However, the largest currently publicly available linguistic corpus of British English, the one-hundred-million-word British National Corpus, does not contain a single instance of this construction. This is unlikely to be due to the fact that the construction is limited to an informal style, as the BNC contains a reasonable amount of informal language. Instead, it seems more likely that the construction is simply too infrequent to occur in a sample of one hundred million words of text. Thus, someone studying the construction might wrongly conclude that it does not exist in British English on the basis of the BNC.

Second, linguistic usage is not homogeneous but varies across situations (think of the kind of variation referred to by terms such as dialect, sociolect, genre, register, style etc., which I will discuss in more detail in Section 2.1 below). Clearly, it is, for all intents and purposes, impossible to include this variation in its entirety in a given corpus. This is a problem not only for studies that are interested in linguistic variation but also for studies in core areas such as lexis and grammar: many linguistic patterns are limited to certain varieties, and a corpus that does not contain a particular language variety cannot contain examples of a pattern limited to that variety. For example, the verb croak in the sense ‘die’ is usually used intransitively, but there is one variety in which it also occurs transitively. Consider the following representative examples:

(2) a. Because he was a skunk and a stool pigeon ... I croaked him just as he was goin’ to call the bulls with a police whistle ... (Veiller, Within the Law)

b. [Use] your bean. If I had croaked the guy and frisked his wallet, would I have left my signature all over it? (Stout, Some Buried Cesar)

c. I recall pointing to the loaded double-barreled shotgun on my wall and replying, with a smile, that I would croak at least two of them before they got away. (Thompson, Hell’s Angels)

Very roughly, we might characterize this variety as tough guy talk, or perhaps tough guy talk as portrayed in crime fiction (I have never come across an example outside of this (sub-)genre). Neither of these varieties is prominent among the text categories represented in the BNC, and therefore the transitive use of croak ‘die’ does not occur in this corpus.³

The incompleteness of linguistic corpora must therefore be accepted and kept in mind when designing and using such a corpus (something I will discuss in detail in the next chapter). However, it is not an argument against the use of corpora, since any collection of data is necessarily incomplete. One important aspect of scientific work is to build general models from incomplete data and refine them as more data becomes available. The incompleteness of observational data is not seen as an argument against its use in other disciplines, and the argument gained currency in linguistics only because it was largely accepted that intuited data are more complete. I will argue in Section 1.2.2, however, that this is not the case.

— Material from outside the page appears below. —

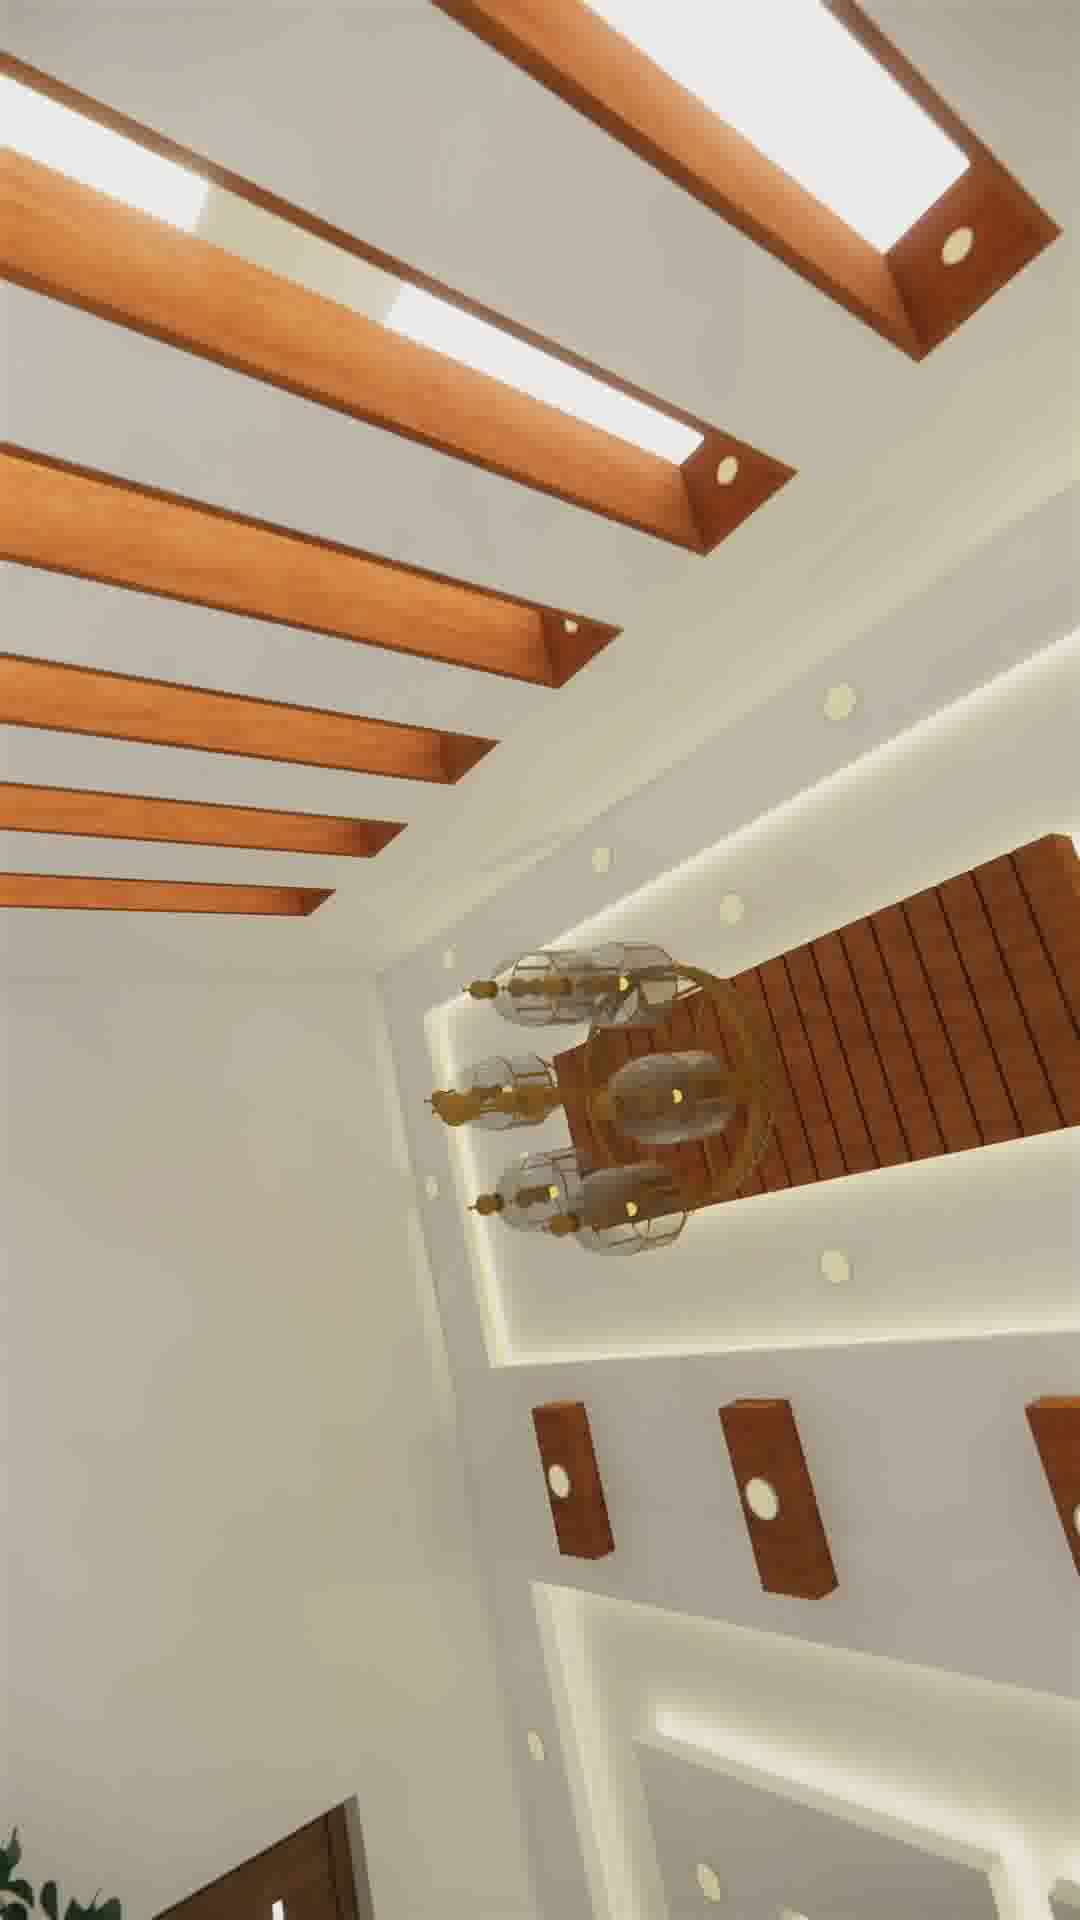 #LivingroomDesigns #ceiling #GypsumCeiling
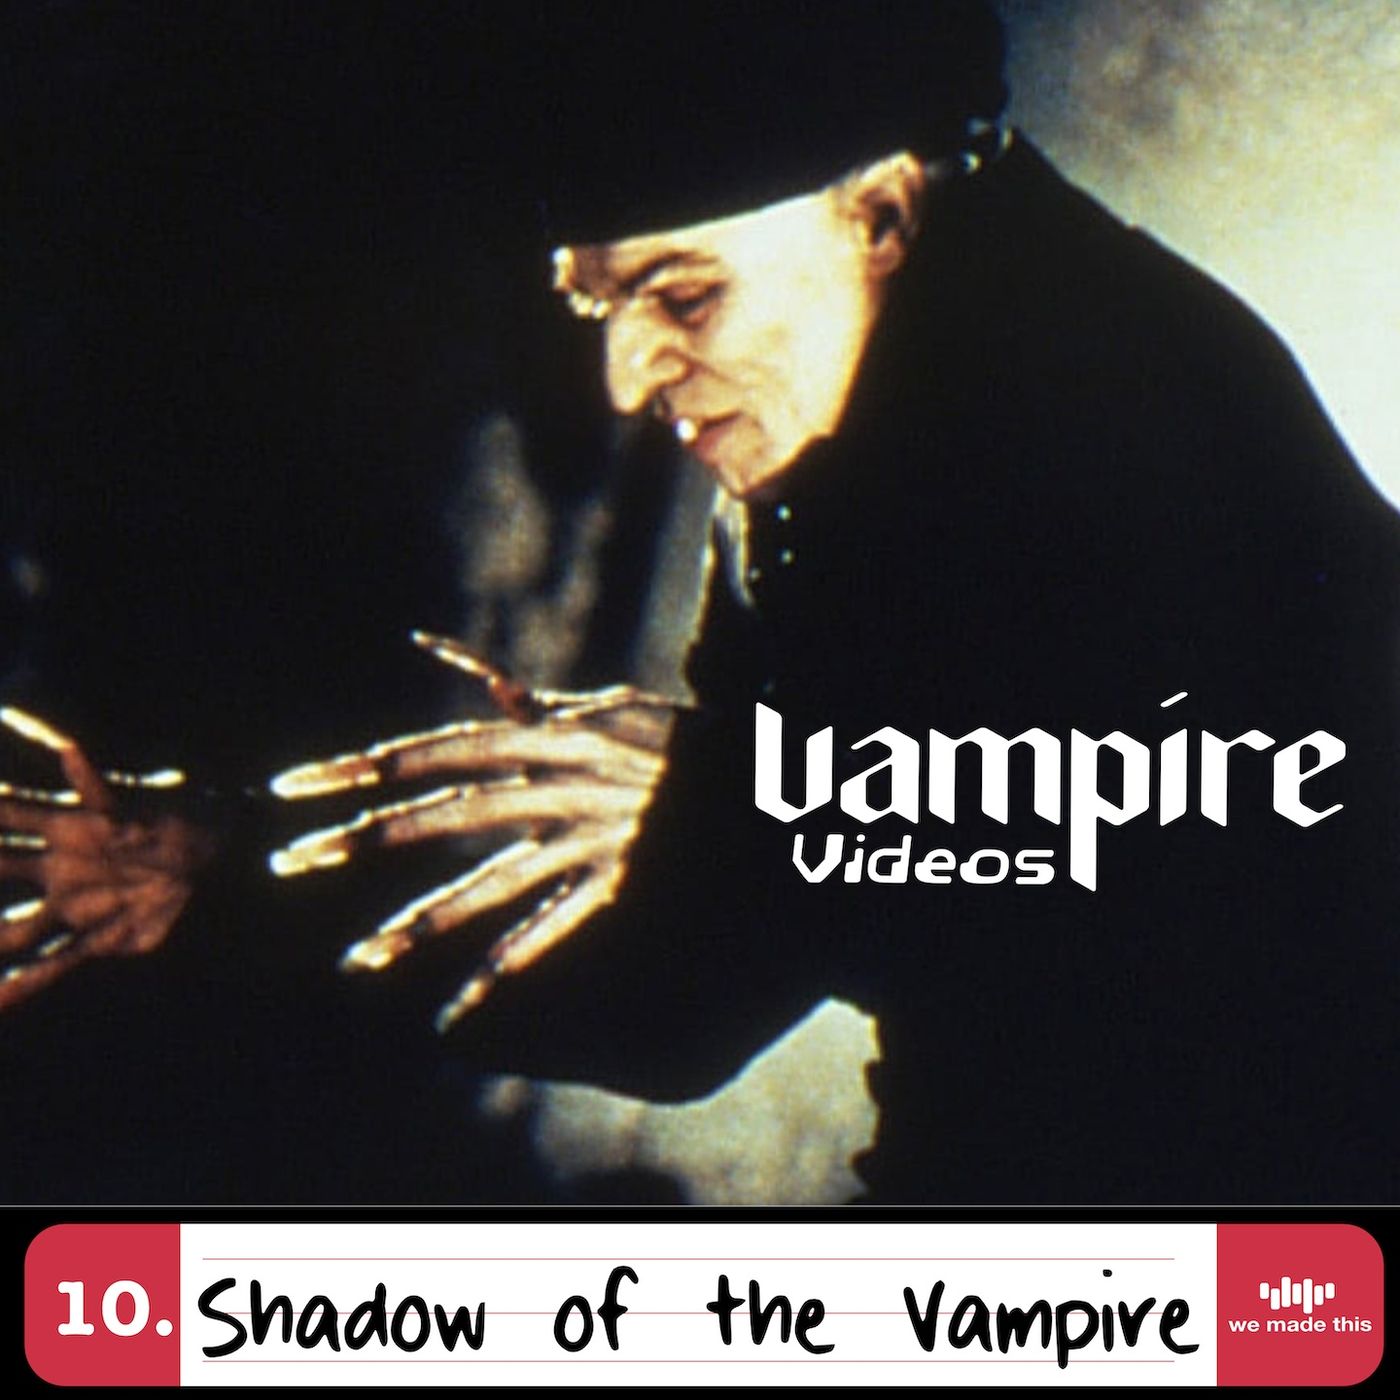 10. Shadow of the Vampire (2000) with Darren Mooney

1.1.3 The absence of meaning in corpora

Finally, let us turn to the argument that corpora do not contain information about the semantics, pragmatics, etc. of the linguistic expressions they contain. Lest anyone get the impression that it is only Chomskyan linguists who reject corpus data, consider the following statement of this argument by George Lakoff, an avowed anti-Chomskyan:

Corpus linguistics can only provide you with utterances (or written letter sequences or character sequences or sign assemblages). To do cognitive linguistics with corpus data, you need to interpret the data – to give it meaning. The meaning doesn’t occur in the corpus data. Thus, introspection is always used in any cognitive analysis of language [...] (Lakoff 2004).

Lakoff (and others putting forward this argument) are certainly right: if the corpus itself was all we had, corpus linguistics would be reduced to the detection of formal patterns (such as recurring combinations) in otherwise meaningless strings of symbols.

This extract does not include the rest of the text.